DESCRIPTION OF THE TASK: Each line below should be retyped exactly, with no pictures.

SOURCE DATA:
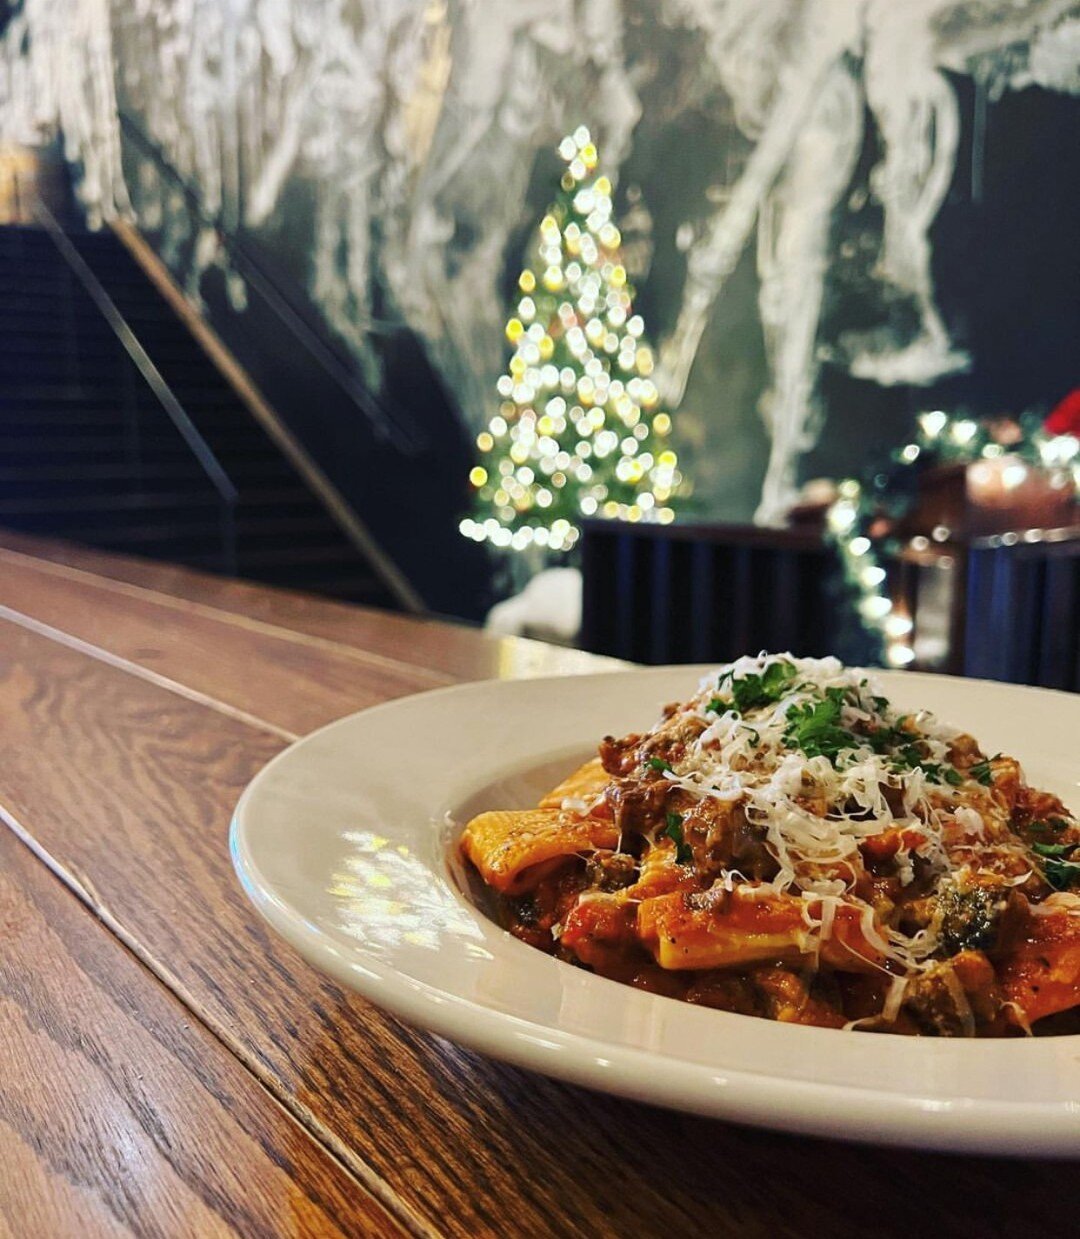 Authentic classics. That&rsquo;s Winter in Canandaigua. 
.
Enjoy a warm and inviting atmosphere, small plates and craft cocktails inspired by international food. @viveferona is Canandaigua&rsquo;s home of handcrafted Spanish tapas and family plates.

COMPLETED EXERCISE:
 Authentic classics. That&rsquo;s Winter in Canandaigua. 
.
Enjoy a warm and inviting atmosphere, small plates and craft cocktails inspired by international food. @viveferona is Canandaigua&rsquo;s home of handcrafted Spanish tapas and family plates.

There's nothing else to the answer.